Si rivedeva giovane, mentre lavorava duramente confidando in un futuro migliore, si guardava adesso a sopravvivere nell’emarginazione insieme ai suoi compagni, diversi nel colore della pelle ma con uguale gradazione di sventura. Ripensava all’abbandono della sua terra con la speranza di una vita diversa, poi la disillusione di una società che lo aveva espulso, come un corpo estraneo, dall’immacolato contesto di una collettività razzista e purulenta.
Per  tutti  era invisibile, ma  lui esisteva, e si scrutava dentro messo in riga dalla vita.
Quel giorno, aggredito dai morsi della fame, si era disteso sulla branda chiudendo gli occhi. Preso per mano da Ray Charles stava ripercorrendo con la memoria i luoghi che lo avevano visto bambino. Muovendosi come in un gioco di realtà virtuale rivedeva il  muretto, posto a limitare di un campo vicino la sua casa, rifugio della sua solitudine, castello inaccessibile a poco più di due metri di altezza. Da li, nei lunghi pomeriggi estivi siciliani, sentiva lo strano verso dei pavoni che si aggiravano nel giardino di una villa, posta a qualche centinaio di metri dalla sua povera abitazione.

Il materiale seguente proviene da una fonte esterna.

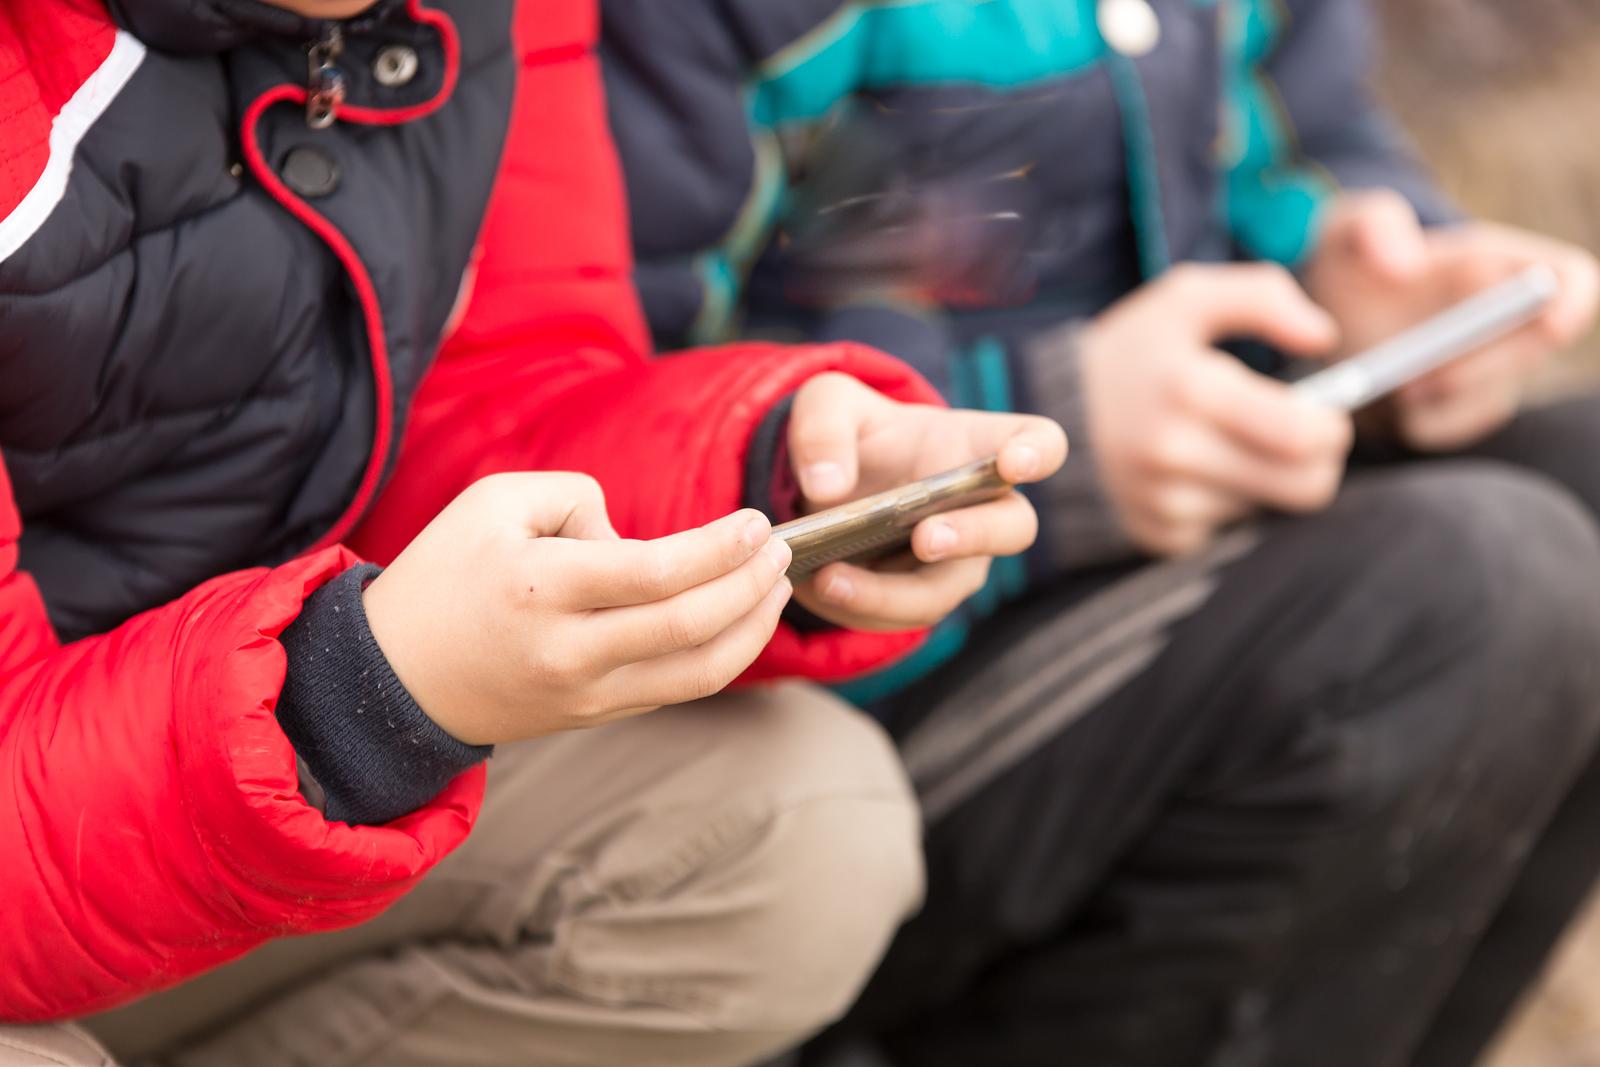 Niñas de hasta seis años fueron encontradas enviando mensajes sexuales explícitos durante la cuarentena

Era il tempo in cui il silenzio permetteva l’ascolto di suoni e di versi di animali ormai  sconosciuti. Senza pietà la dolce voce roca di Joe Cocker, lo faceva soffrire colpendolo  duramente al cuore.

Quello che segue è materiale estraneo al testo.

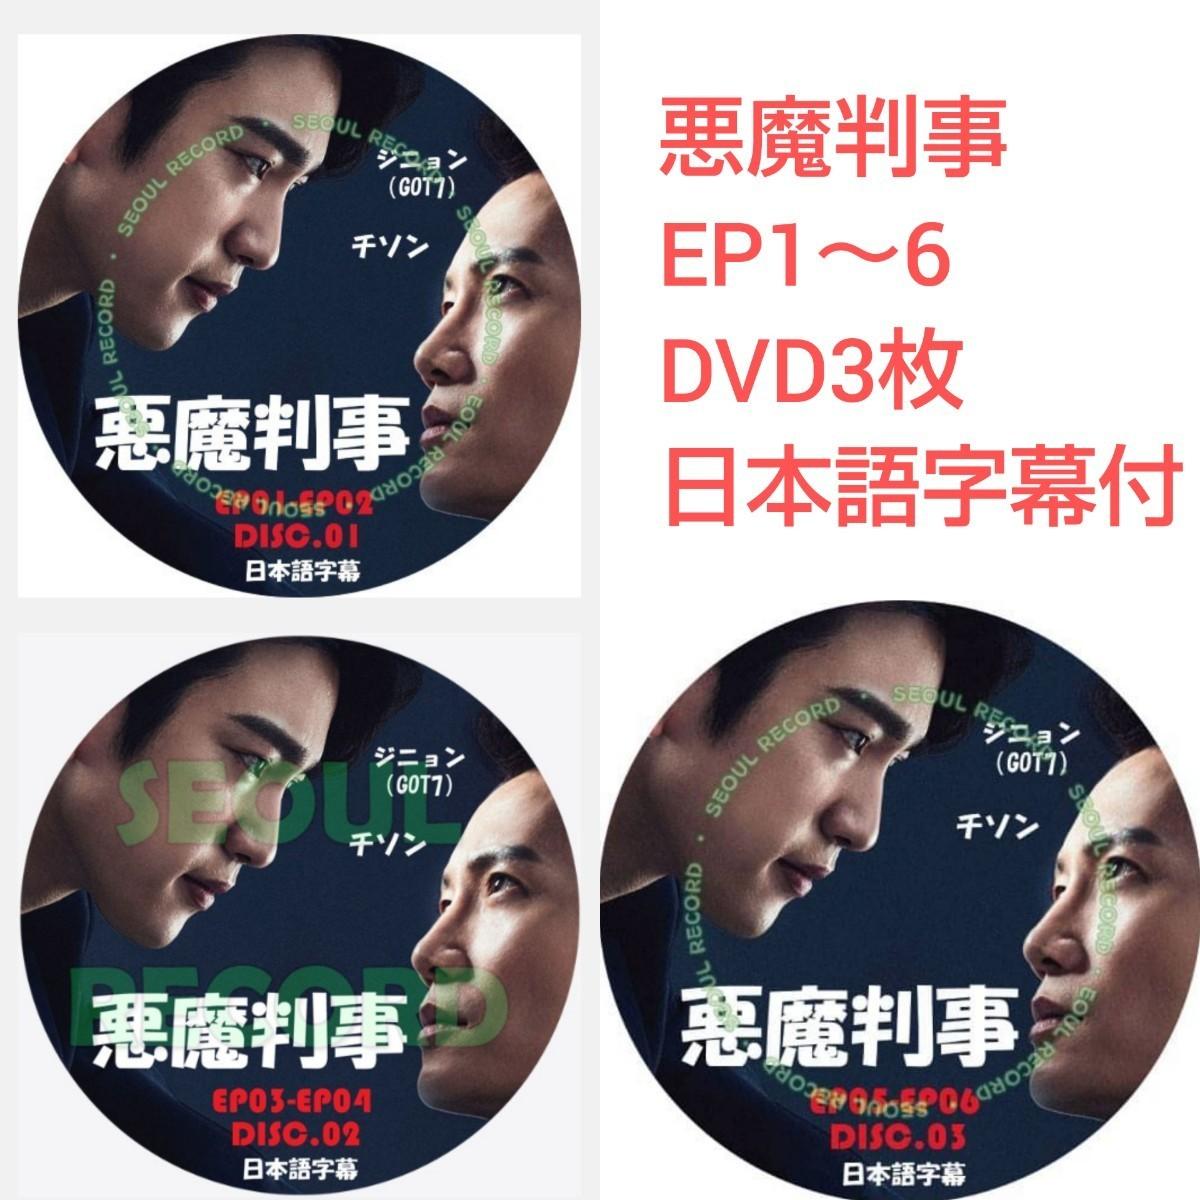 「韓国ドラマ」悪魔判事 (日本語字幕) EP1から6   DVD3枚  レーベル印刷付

E il blues è sofferenza e il blues è intransigenza e il blues è disoccupazione e il blues è conoscenza.
Una inutile passeggiata con la mente, accompagnata da un malinconico pezzo di Sonny Boy, lo conduceva intanto alla ricerca di un qualcosa che non c’era più.
Le strade intasate di auto, come budella sazie, impedivano il passaggio anche al pensiero e non gli fu possibile  proseguire oltre, neanche con la fantasia.
Non riuscì ad  individuare la sua vecchia casa, il suo mondo era  perso e non lo avrebbe  mai  più ritrovato.
E il Blues inesorabile lo sospingeva verso il Plemmirio, una vertigine di roccia a picco sul mare, che da secoli accoglieva nel suo abbraccio mortale illusioni di uomini che avevano dovuto contrattare ogni minuto della propria esistenza.
Per sopravvivere.
E il blues è nero come il vino.
E il blues è nero come i piedi di chi cammina sempre e non si ferma mai.
E il blues è nero come i piedi che calpestano l’uva per ottenere il vino, che è rosso come il sangue, che è rosso come il blues.
E  il blues è nero come i piedi che calpestano i deboli per ottenere il sangue, che è rosso come il vino,  che è rosso come il blues.
E gli occhi si chiudevano in modo molto lento e l’eco dell’armonica avanza inesorabile trovandolo disteso, sul suo giaciglio lurido, completamente bagnato e con i polmoni  pieni di acqua salata.
Era  morto, annegato nel suo mare del sud, nel suo mare di Blues.